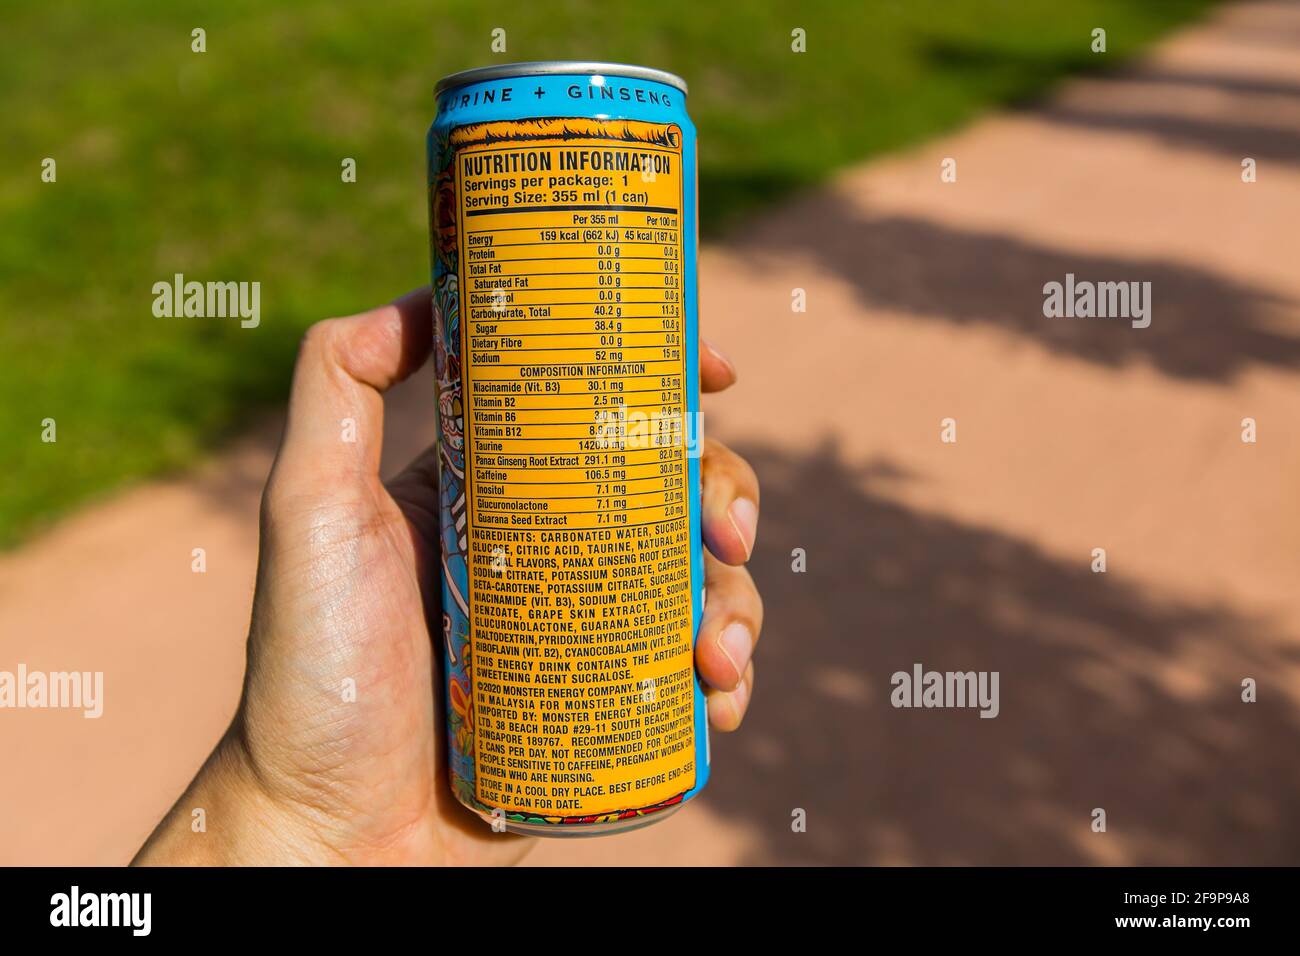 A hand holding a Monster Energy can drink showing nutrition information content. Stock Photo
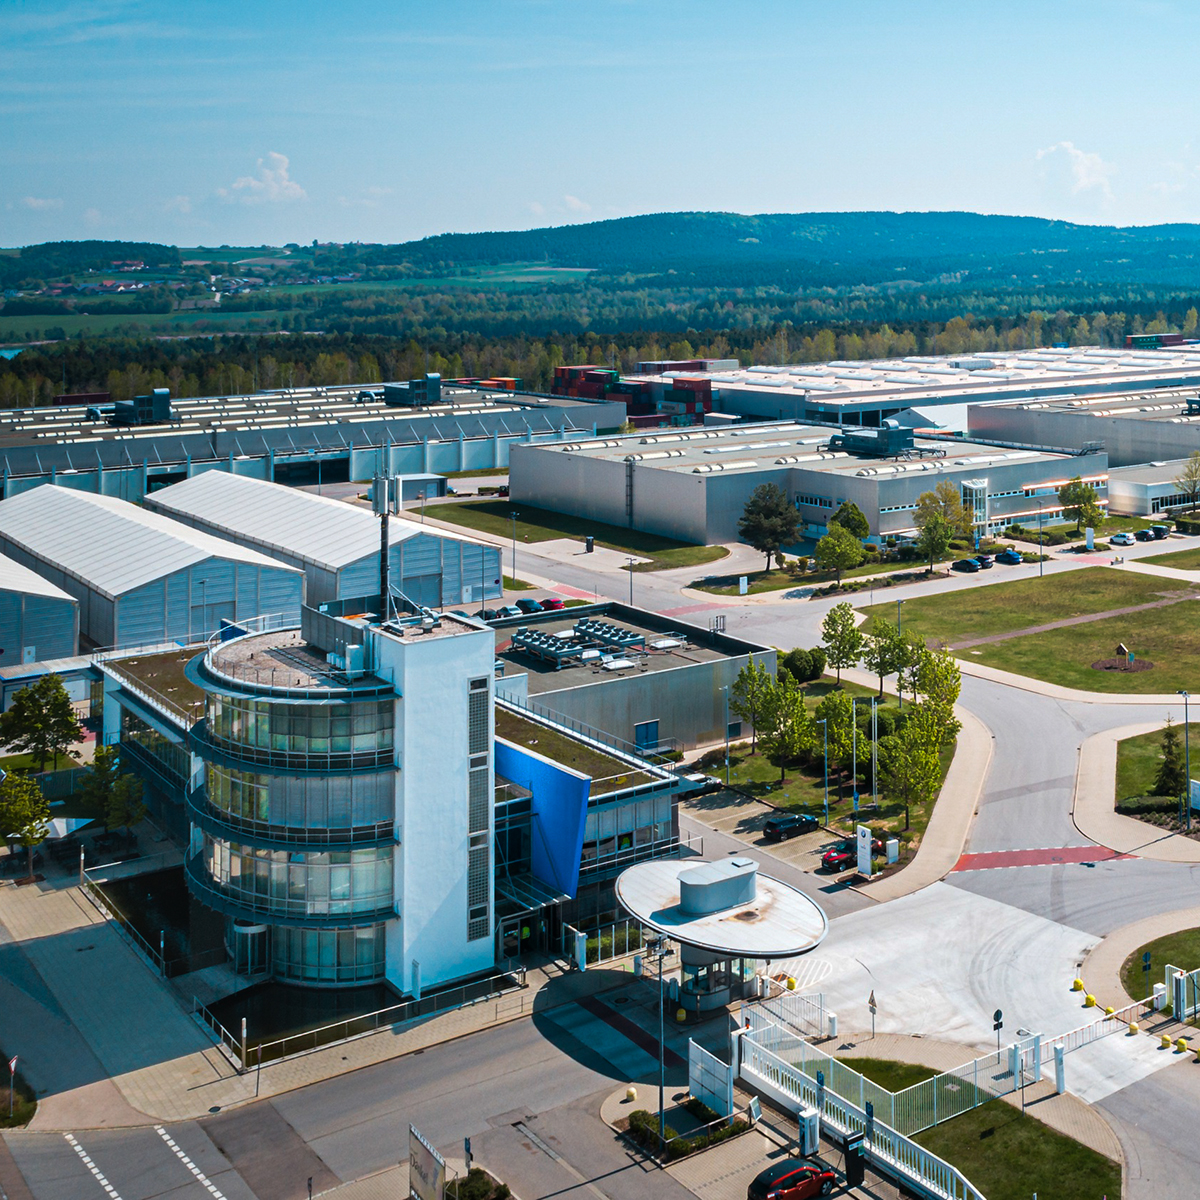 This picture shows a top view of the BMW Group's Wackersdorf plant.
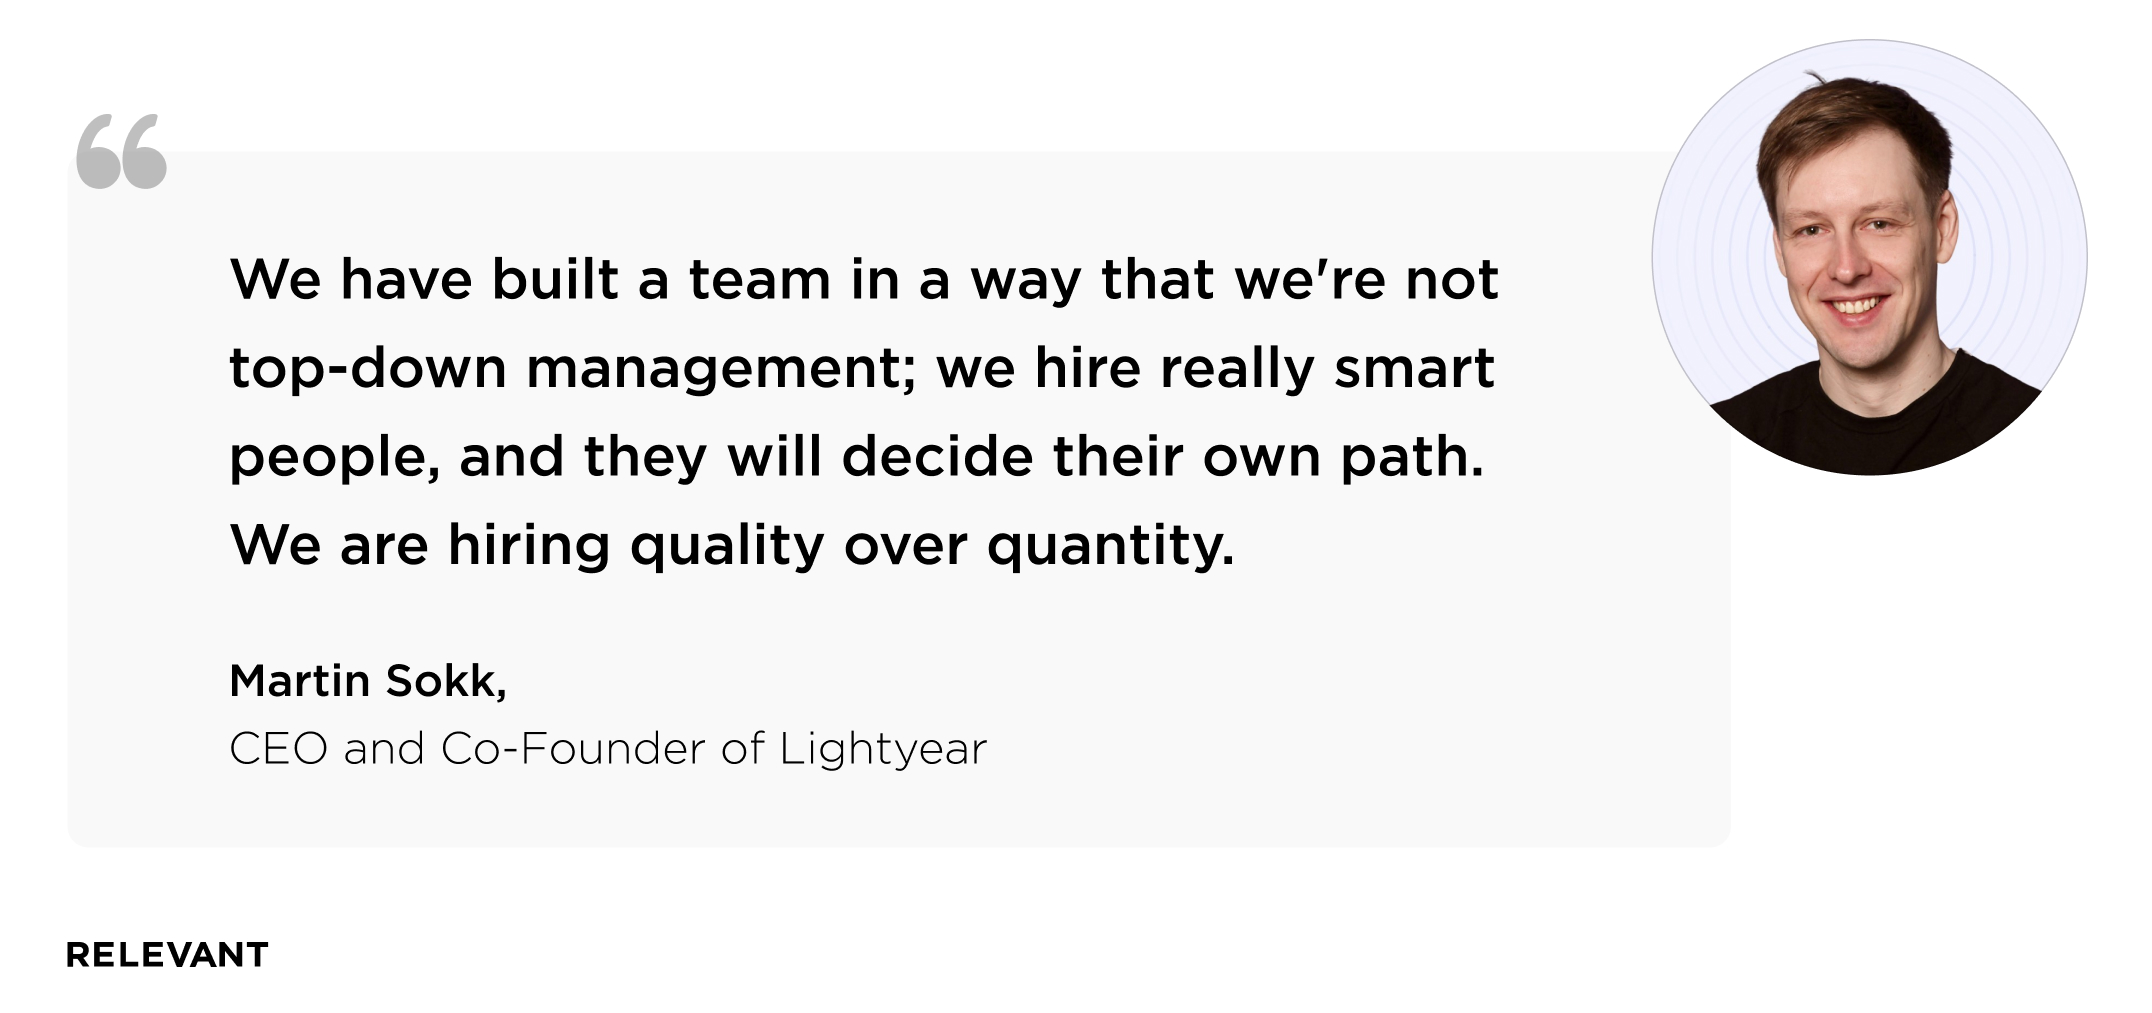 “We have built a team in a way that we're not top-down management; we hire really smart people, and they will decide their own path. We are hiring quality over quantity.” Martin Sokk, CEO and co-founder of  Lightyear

**ASSIGNMENT:** Any picture in the data is to be skipped, while each line is returned exactly as written.

**RESPONSE TO THIS EXERCISE:**
 A hand holding a Monster Energy can drink showing nutrition information content. Stock Photo
 This picture shows a top view of the BMW Group's Wackersdorf plant.
 “We have built a team in a way that we're not top-down management; we hire really smart people, and they will decide their own path. We are hiring quality over quantity.” Martin Sokk, CEO and co-founder of  Lightyear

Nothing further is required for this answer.